Tyrrell focuses on a specific aspect of that question: how likely is it that any habitable planet stays habitable long enough to generate complex life? He assumes  that the 3 billion years it took to do so on Earth is a good representation of the length of the process in general. Mars and Venus may both have been habitable at some point in their histories, but clearly aren’t today (at least on a planetary scale). How many planets end up like that, and how many end up like Earth?

In order to run many simulations cheaply, he defines habitability as a planetary average temperature between about -10 and 80 degrees centigrade, which are conditions under which water can be liquid (even if it’s very salty) and life on Earth has been found. The author does acknowledge that more conditions are needed for life to exist, and that the average planetary temperature is only a rough approximation — much warmer or colder places suitable for life may exist even on an ‘uninhabitable’ planet by these guidelines. Still, it’s a good place to start, and allows him to simulate these hundred million planetary histories without breaking the computational bank.

Most (over 9 in 10, or 90,000 of all 100,000) of his simulated planets were never “successful” — they never stayed habitable for the entire 3 billion years, even across all of their 100 alternate histories (repeated simulations with slightly different chance events, such as a simulated asteroid strike at a certain time). But of those that were, they weren’t too likely to repeat the feat: around half of  the successful planets were only habitable in 10% of their alternate climate histories, meaning that 90 of their 100 alternate histories ended up as an uninhabitable planet. Very few planets were self-stabilizing, meaning that they stayed habitable all of the time because whenever they started to get too hot or too cold, they came back from the brink and temperatures remained in the habitable range. That could have been due to chance alone, but Tyrrell ruled that out: chance alone would never have resulted in more than 10/100 successes at best for any planet, and some of his planets had a 100% or near-100% success rate. Instead, it was due to the presence of climate feedbacks like we have on the real Earth, that kick in to keep such planets from suffering a runaway greenhouse effect like Venus or freezing completely like Mars.

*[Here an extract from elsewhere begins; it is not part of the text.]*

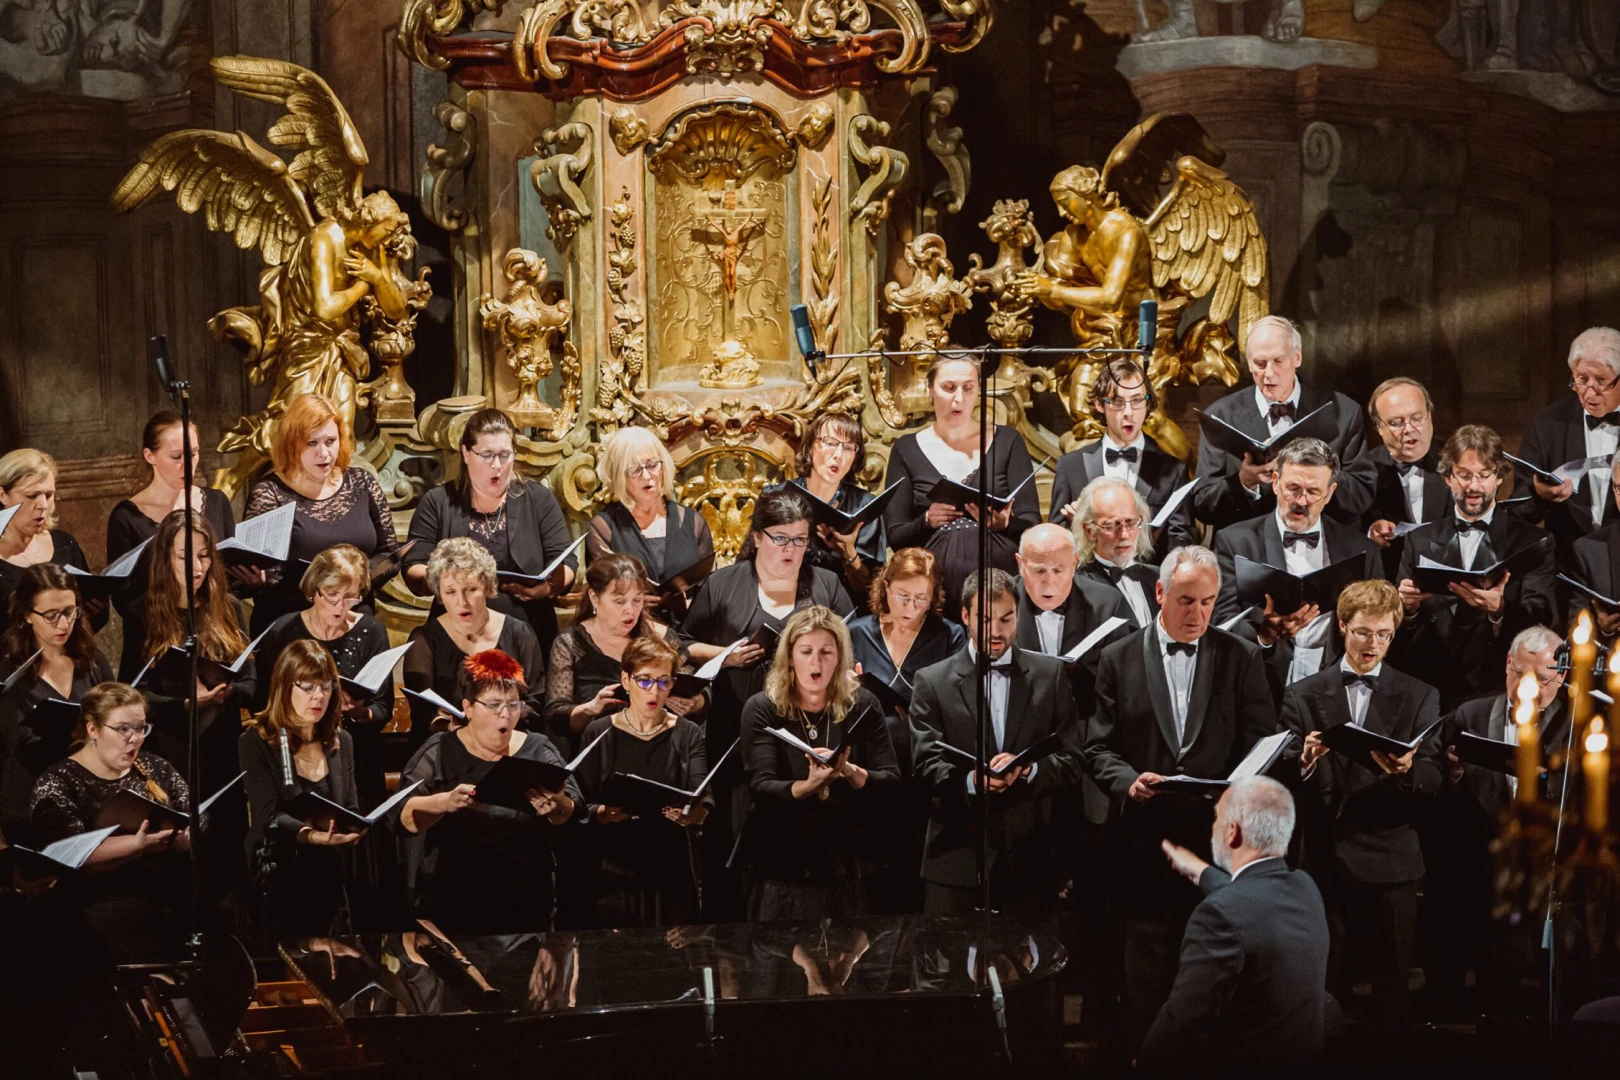 Kühn Choir of Prague

Figure 2b from the paper. Red and black lines: expected results from the author’s two null hypotheses (basically, pure determinism in red and pure chance in black). Green line and numbers on top: planets that successfully stayed habitable for 3 BY in their first run; showing how often out of subsequent runs they continued to be successful for the entire simulated period. Blue line: all simulated planets that had any runs with a full 3 billion years of successful habitability, and what percentage of runs they were successful.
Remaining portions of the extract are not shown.